Публика на трибунах неистовствовала — рёв толпы постепенно дошёл до моего сознания. Баязет стоял напротив наших ворот, они были распахнуты, и оттуда бежал ко мне Пашка Гусев, махал руками и что-то орал, а за ним бежал доктор с чемоданчиком и ещё какие-то люди.
— Да не нужен мне врач, — пробормотал я, словно кто-то мог меня услышать, и повернул Баязета, чтобы поздравить противника. Но поздравлять было некого — рыцарь Леопарда сидел на траве, рядом с воткнувшимся в землю копьём, которое ещё раскачивалось, и какими-то очень неуверенными движениями пытался открыть забрало. Неподалёку трусила его лошадь, а из противоположных ворот тоже бежал человек с чемоданчиком.
— Нет, ты положительно сумасшедший! — уверял меня Гусев. — Тебе дают в руки самую современную технику, а ты пользуешься ею, как дубиной!

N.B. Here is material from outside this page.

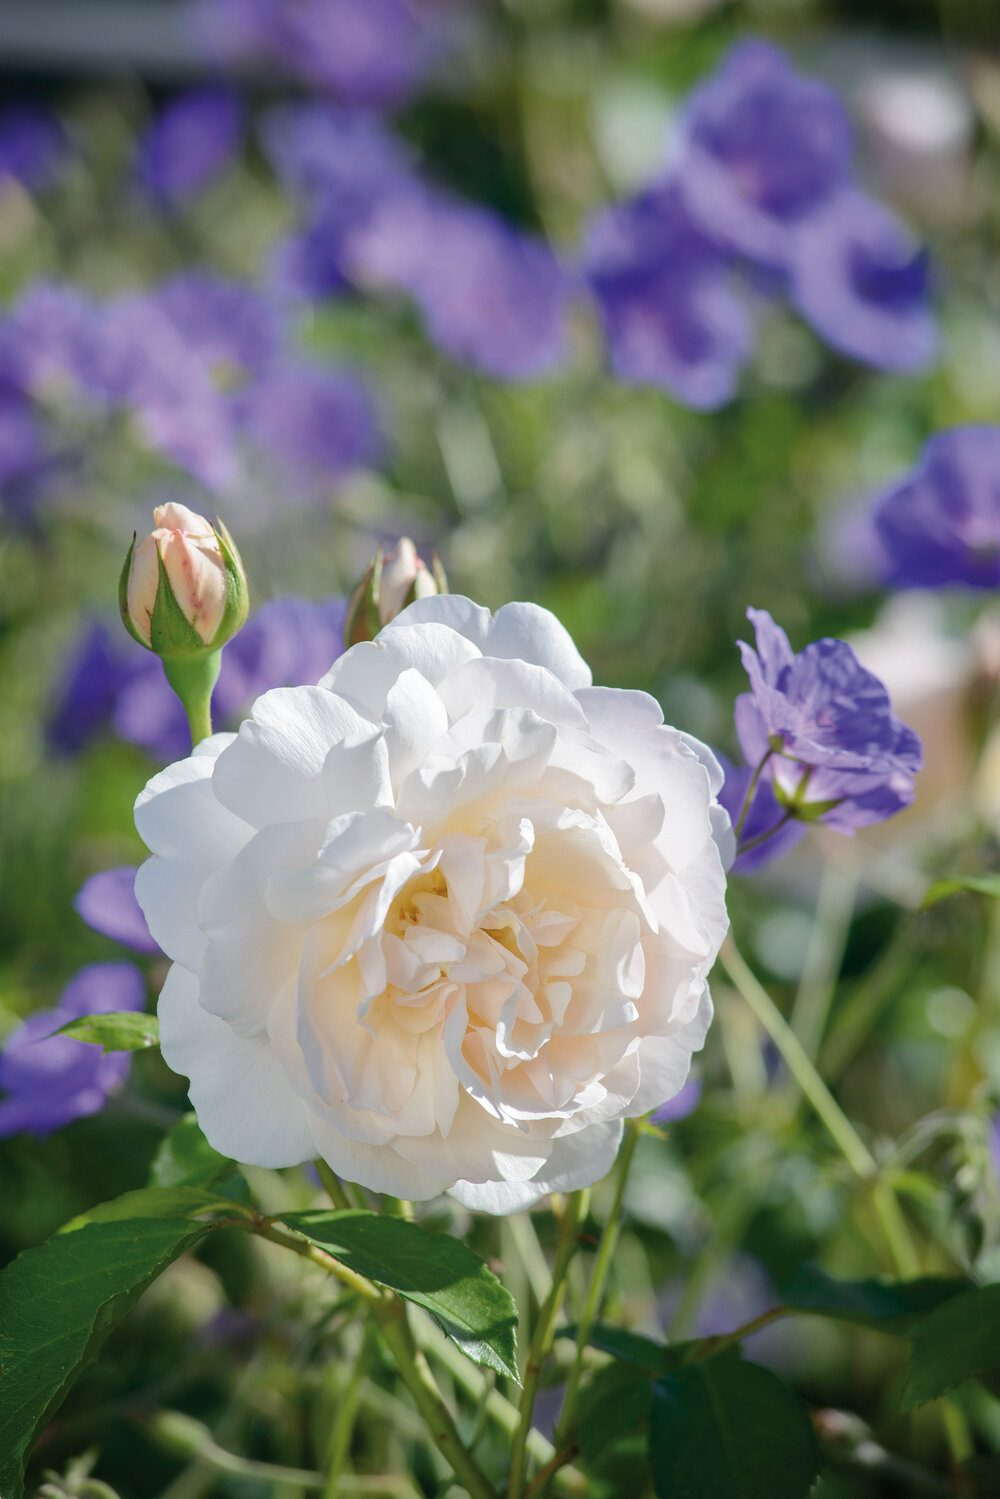 lichfield-angel-david-austin-english-rose

Мой тренер, конечно, мог теперь волноваться сколько угодно. Он только сейчас узнал, что в последней атаке я выключил копьё и бил просто по корпусу, чтобы поставить Волшебный щит в самое неэффективное для защиты положение.
— А по-моему, Алексей прав, — возразила Тина. — Рыцарский бой должен быть честным, без всякой автоматики. Если у одного копьё, то и у другого тоже, а не самонаводящийся кибернетический агрегат.
— Практически силы бойцов равны, — сказал я. — Щит прекрасно закрывает от любого удара.
— То-то твой противник летел сегодня вверх тормашками вместе со своим Волшебным щитом, — настаивала Тина.
— Так я же выключил копьё! Так что у рыцаря Леопарда были все преимущества: он мог попасть куда угодно, а я — только в его щит.
— Очередная глупость — этот щит, — рассердилась Тина. — Вот и поделом ему. Надо надеяться на себя, а не на автоматику. Следует потребовать, чтобы Олимпийский комитет запретил эти дурацкие выдумки.
Кожа у Тины была смуглая, глаза огромные. Я вдруг заметил, что, рассердившись, она удивительно хорошеет. Странно, сколько времени работаем вместе, а я только недавно понял, что она прехорошенькая девушка. Я вдруг позавидовал рыжему, вихрастому Гусеву, который сидит с ней рядом, разглагольствует о пользе автоматического оружия, а сам держит её за руку. Нет, уже не держит — отпустил. Опять взял. Ах, дьявол! Да какое мне дело, жмёт он ручку моей аспирантке или нет!
Я повернулся к бабушке, которая только что внесла ароматный пирог собственного изготовления, и потребовал:
— Бабуся, садись! Дай нам самим похозяйничать!
Моей бабушке недавно исполнилось восемьдесят лет, она была доктором технических наук и магистром Кулинарной академии. Она изобретала всяческие вкусные блюда для домашних автокухонь и очень любила ругать эти блюда, потому что признавала лишь пищу, приготовленную собственными руками.
Своих родителей я почти не помнил — мне было семь лет, когда они погибли при испытании системы внепространственной связи. Вошли в передающую ВП-кабину, а в приёмной не появились. С тех пор бабушка заменила мне отца и мать — сама поила и кормила меня, сама выбирала мне одежду, помогала разбираться в школьных задачах, считая, что она делает это лучше, чем обучающие машины. Все эти годы мы жили вместе, и я так привык к её уютной квартире, что не менял жилища и в шумные студенческие годы, и даже теперь, когда стал профессором и всемирно известным спортсменом.